James Rabchuk wrote:

(I do have a question for Dave, here. I shouldn't be lazy, and just look at the code, but I'll ask the source. In the implementation of the weighted stress tensor, are you doing a volume integral over the entire air region of the model? That seems to be what's implied from your description and the reference you posted. Also, you mentioned that you weight elements in more tightly meshed regions more than you do elsewhere. I wasn't quite sure how that would work. If that applies over a single contour, then don't you need to keep the integration over the entire contour at the same weight, in order to get the proper "sum" of momentum flux across the boundary?)
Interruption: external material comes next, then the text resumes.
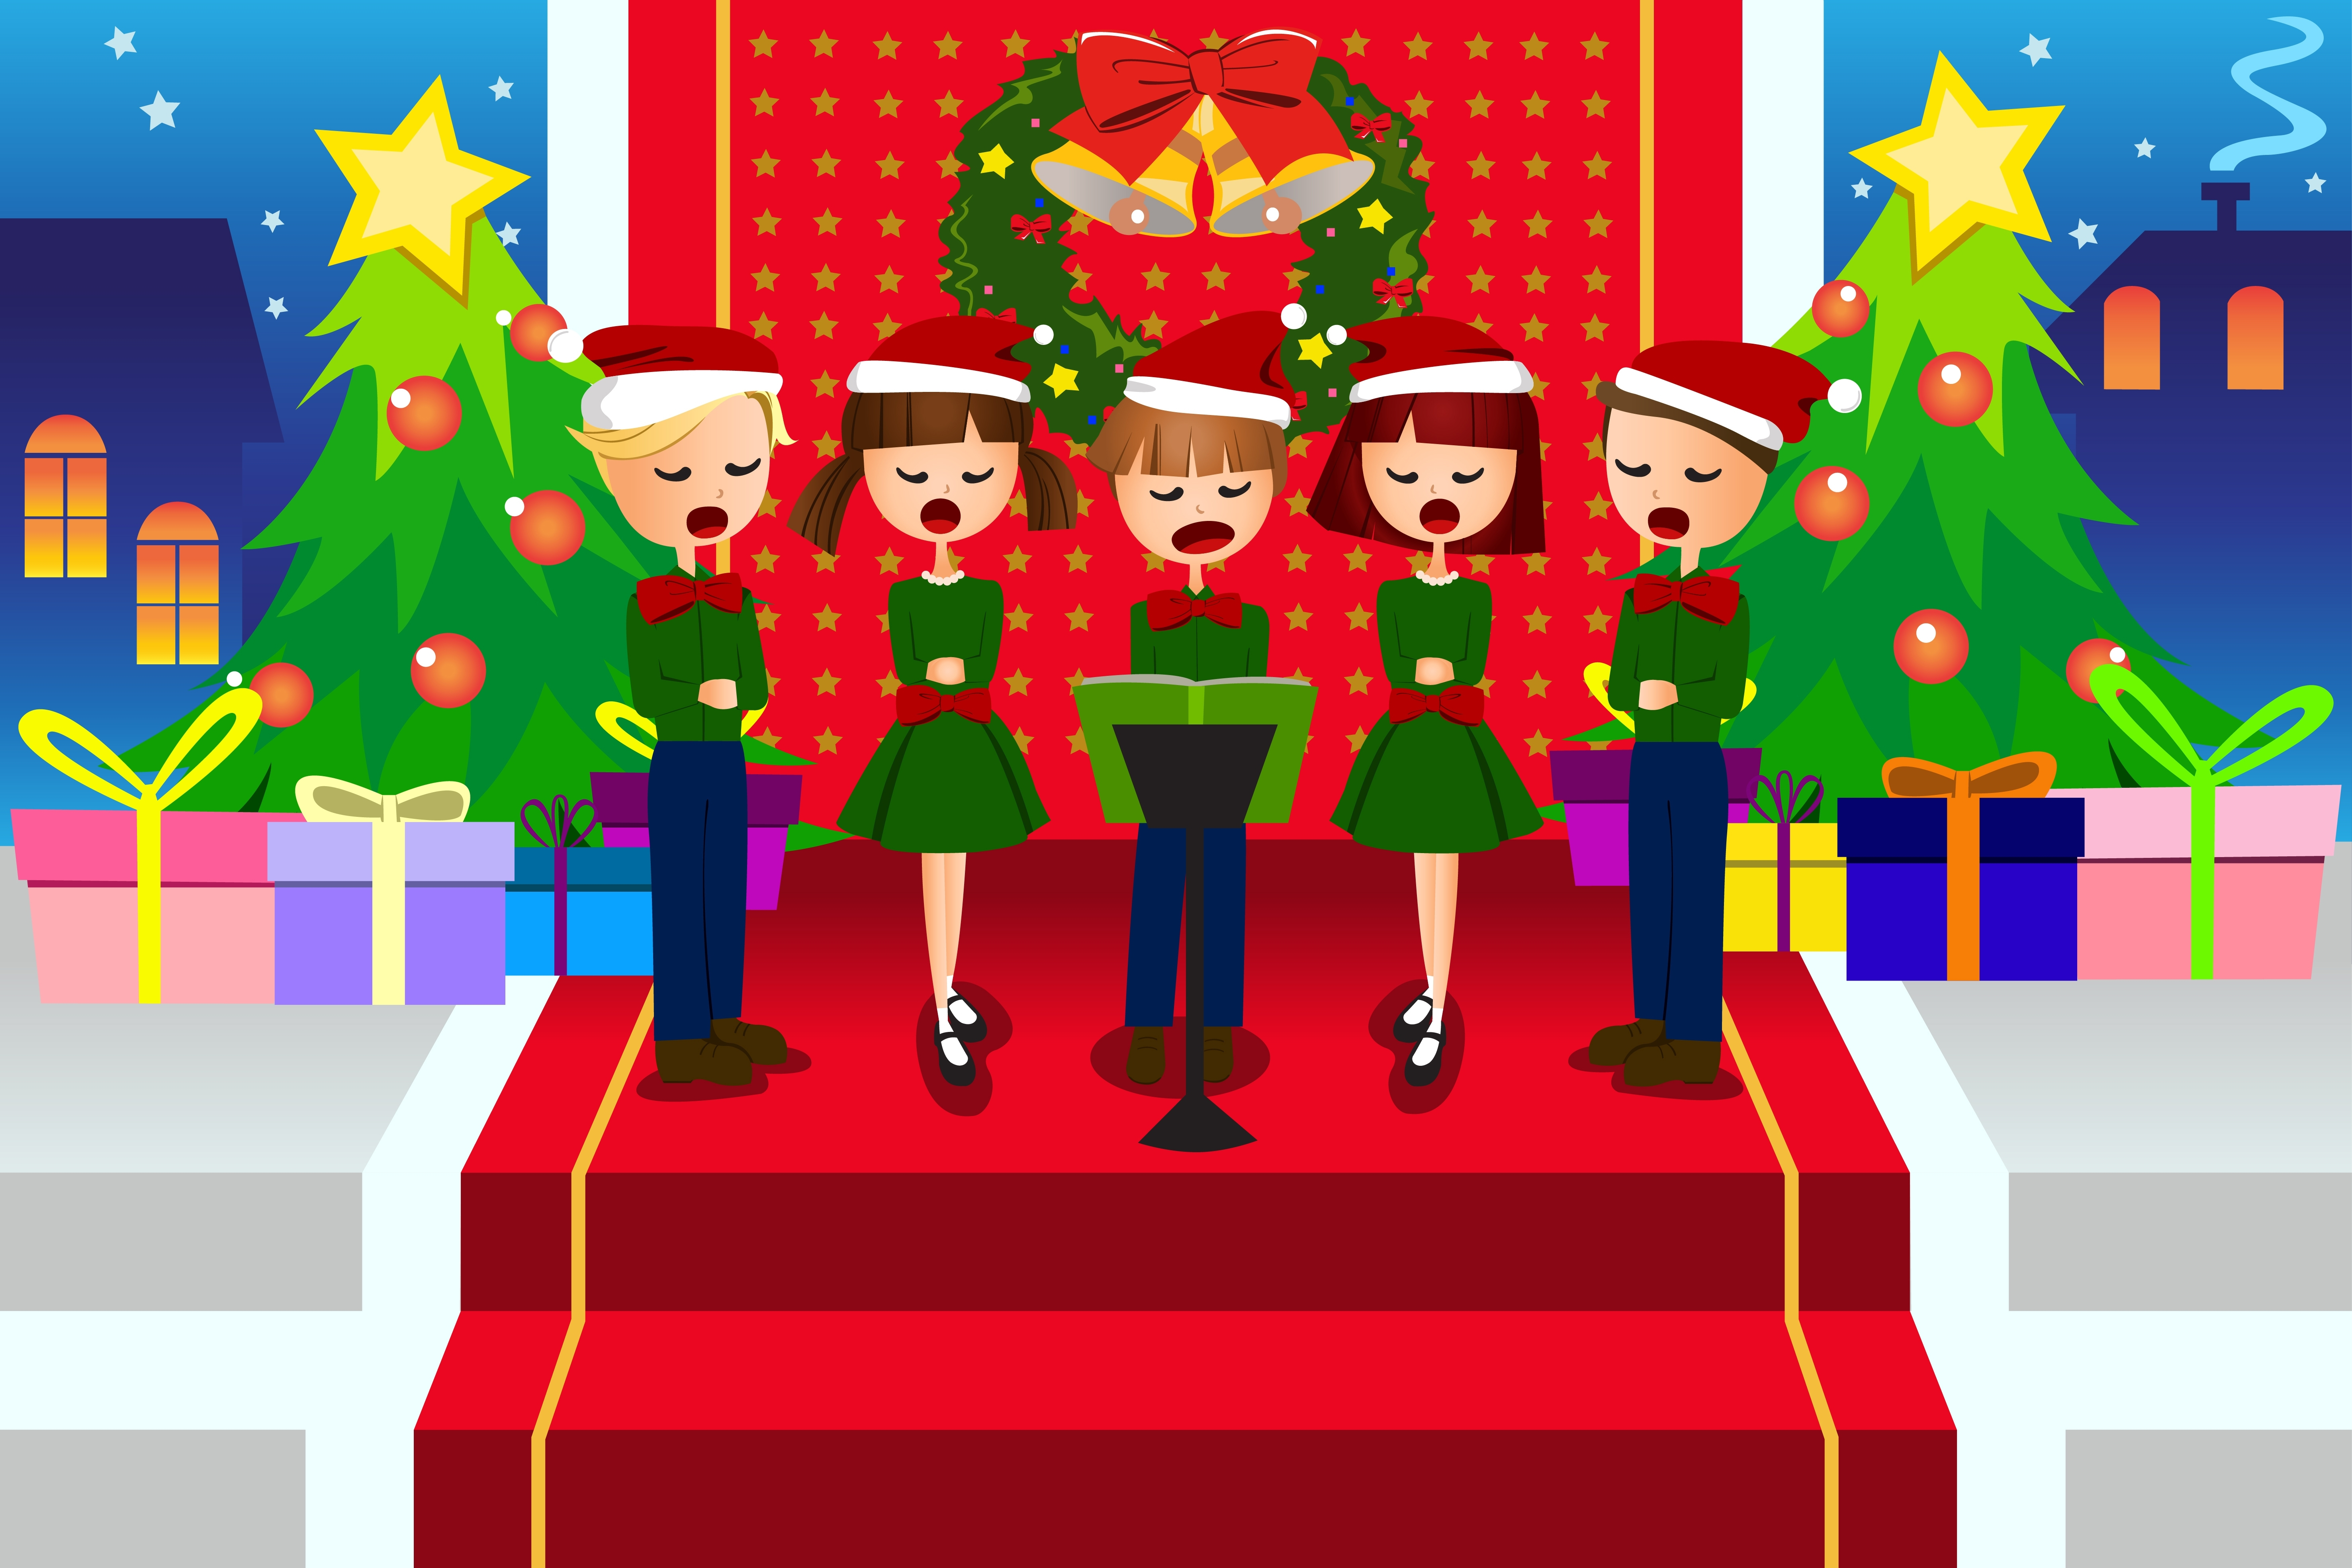 9559d7fe1b0a18350a30_Christmas.jpg

Yes, the "weighted stress tensor" does integrate over the entire air region in the model. The program "weights" each element by solving an extra PDE where the value of potential in that PDE is 1 over the selected region and 0 over non-air regions and boundaries. The direction of the gradient of the resulting solution gives the "normal" direction needed in computing the stress tensor, and the amplitude of the gradient is sort of the weighting given to that element. The mesh density is used to assign "permeabilities" in the extra PDE that is solved, i.e. regions with a dense mesh have a high "permeability", so that more of the contours flow through that region rather than parallel, less highly meshed regions.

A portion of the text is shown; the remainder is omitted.